I dunno.... I'll post pictures when I decide.
 
If the cage A and B pillars are tied into the frame will you even need the bars?

My suggestion would be to build some half doors, when latched they will add a lot of strength to the body.The other reason I like half doors has to do with a broken off tree limb that entered the passenger side door opening of my truck in a partial roll. No passenger that day so no problem. You can dodge stuff coming in the top half of the door pretty easy, when belted in it's a lot harder to dodge something coming in lower. If you want to keep the open feel maybe some tube doors skinned in expanded steel?

Just some thoughts.
 
I don't like the tank being so exposed and since I'm not coming up with a reasonable relocation of it - it simply needs to be safer, if that means only monkeys can ride in the passenger seat, then so be it

a bit more accomplished
so here's where I was a couple nights ago


went to this last night


and this tonight
 
While I think the bent tube is better, I still don't think they are needed. Your going to have beefy rock sliders right? Won't they achieve the same thing? Also I really don't think you should cut up the dash to put a storage box in, the stockish dash on a 40 with the pull knobs kinda gives it 40 only type character. Im just trying to offer constructive criticism thats all. If you wan't me to shut up I will haha.:beer:
 
Is the riser that your door bar is welded to welded to the floor?

P6180011_zpswft5b1if.jpg
 
If you wan't me to shut up I will haha.:beer:
please don't, input is great. What gets me is the character assassination that others do when I disagree with them that puts them on ignore.

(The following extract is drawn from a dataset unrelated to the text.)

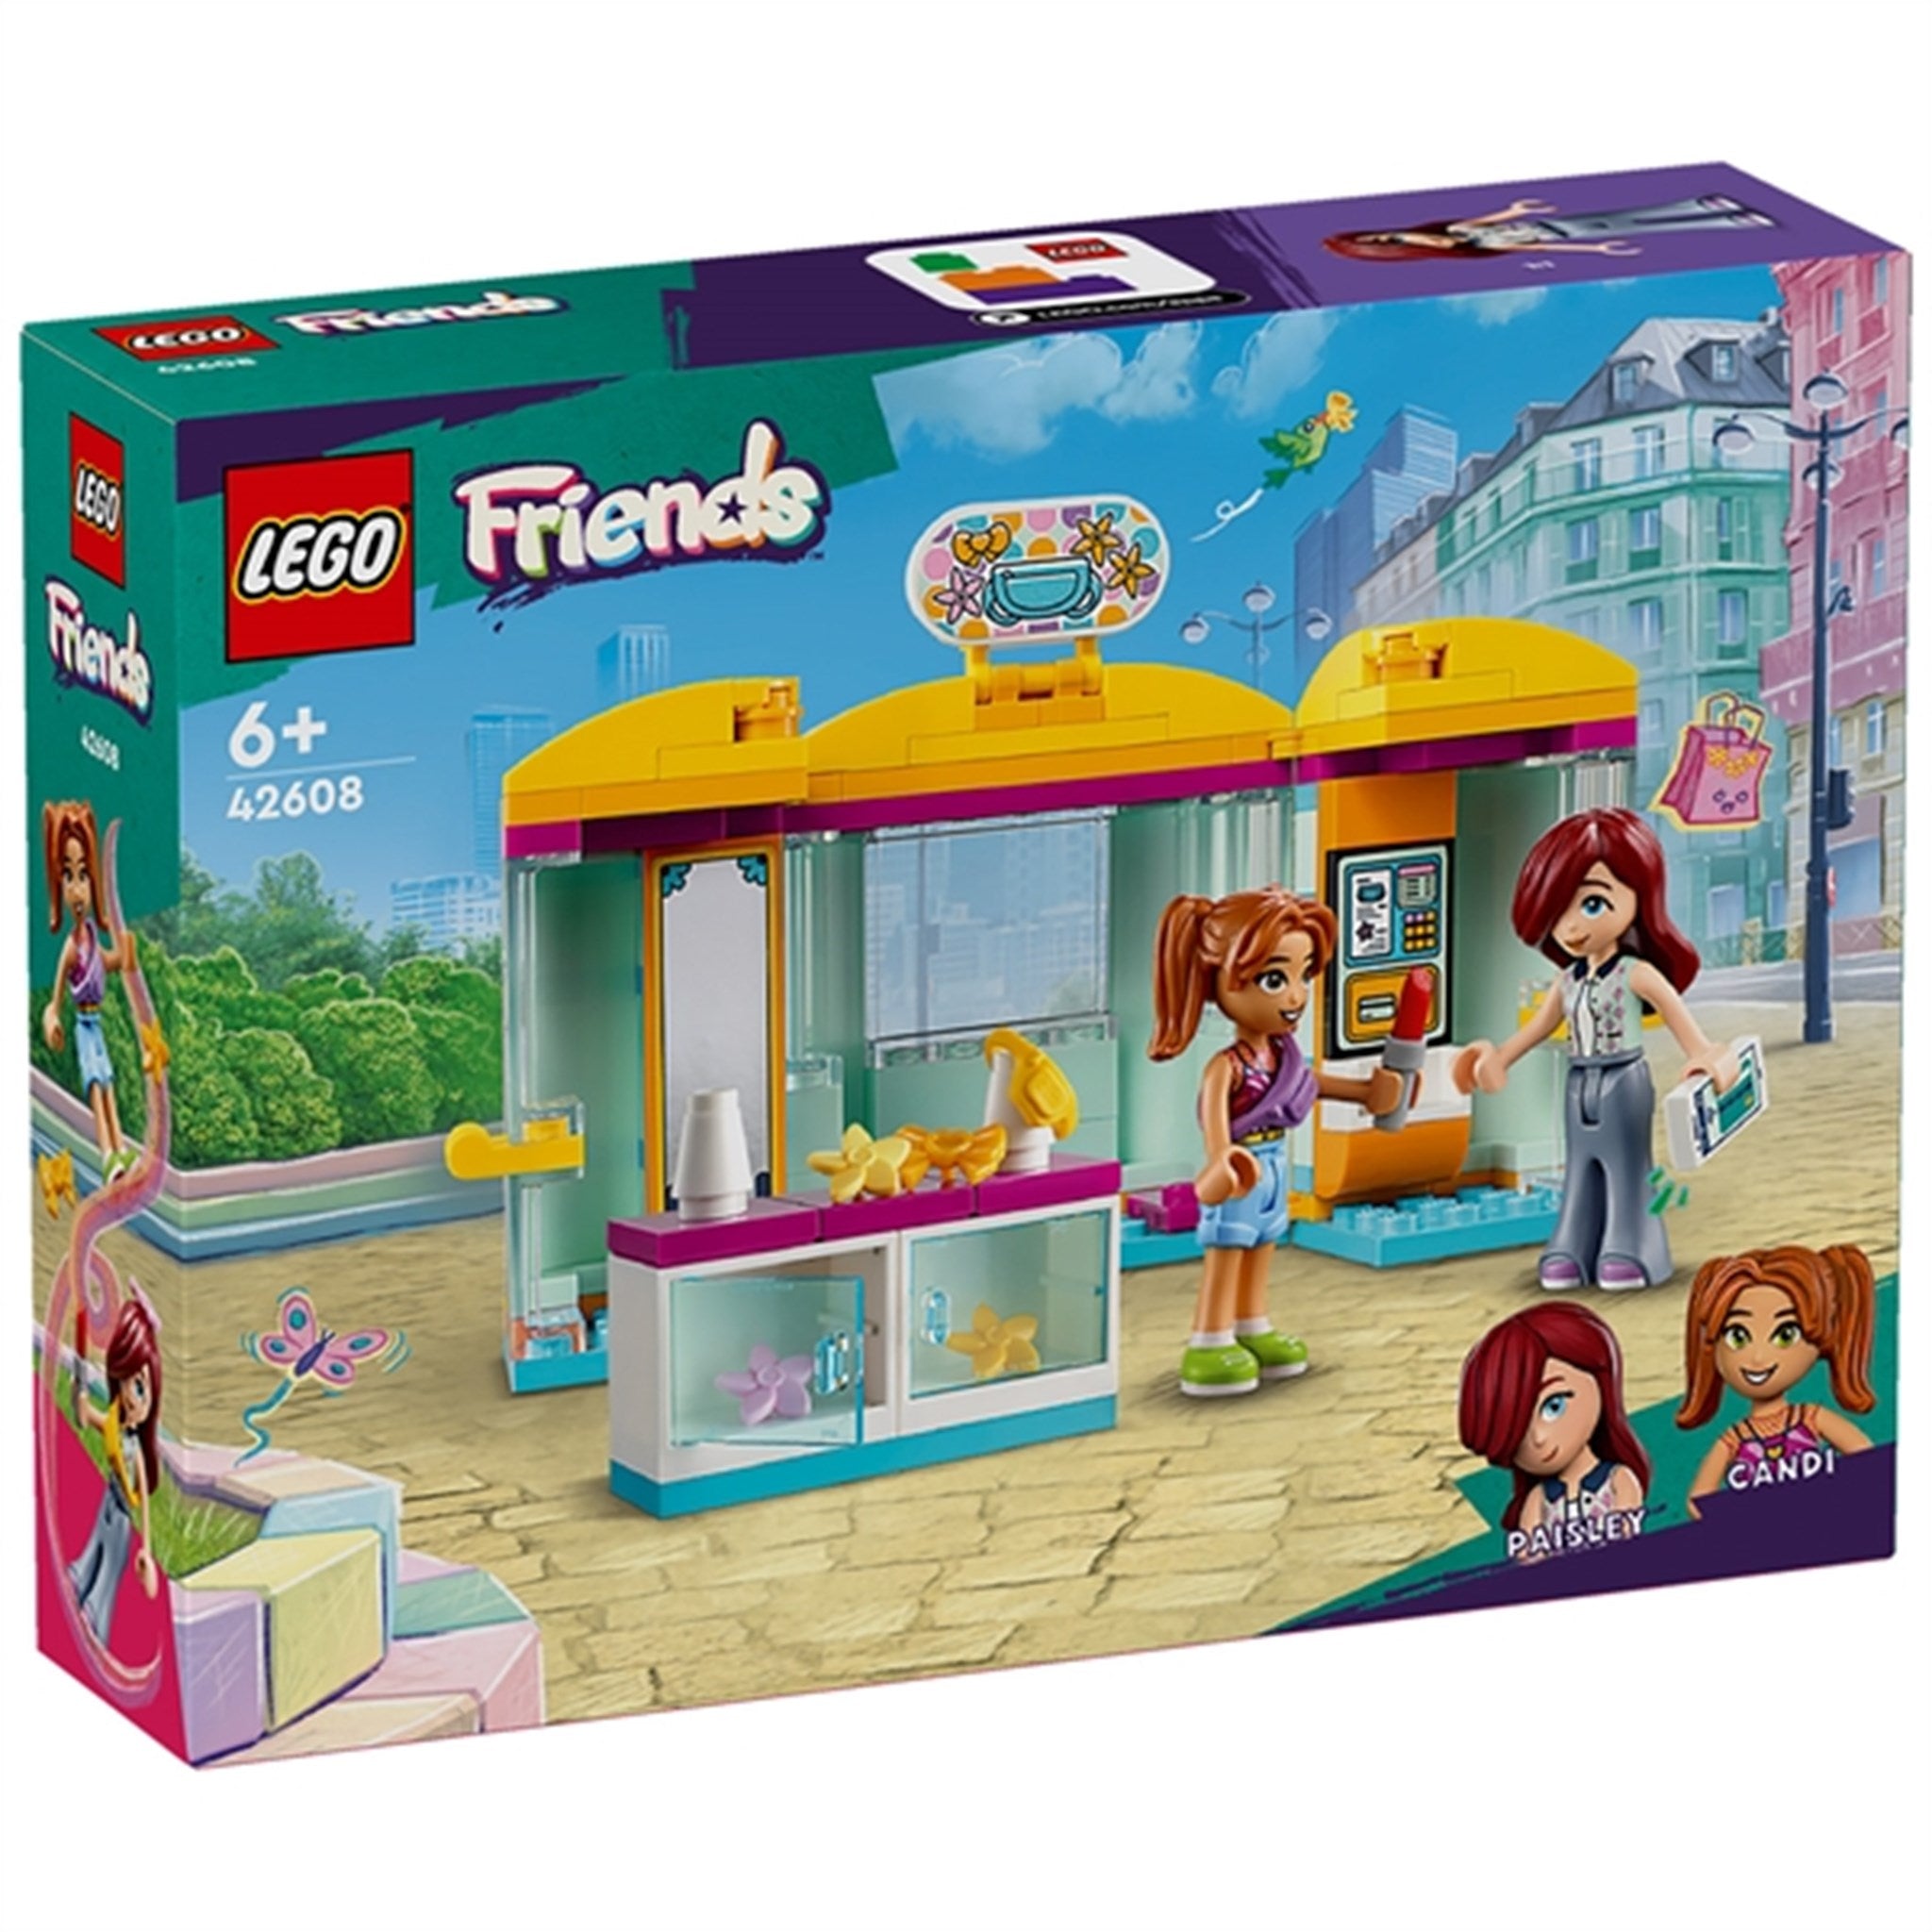 LEGO® Friends Liten Accessoarbutik

That said, those are also seat mounts and seat belt anchors - heaven forbid I ever use it for its intended purpose.... as was said, this isn't a low-buck build.

Is the riser that your door bar is welded to welded to the floor?

nope, that's a plate that distributes any load over the floor. Since I can't get behind the brace to bolt it down without cutting a hole, it may simply just sit there. The idea behind it is similar to what others did by putting a brace to the frame - this does the same thing, only it's on the inside. When I pull the body off again, I may make the brace go all the way to the body mount... but still not bolt it... but who knows that's today's plan :)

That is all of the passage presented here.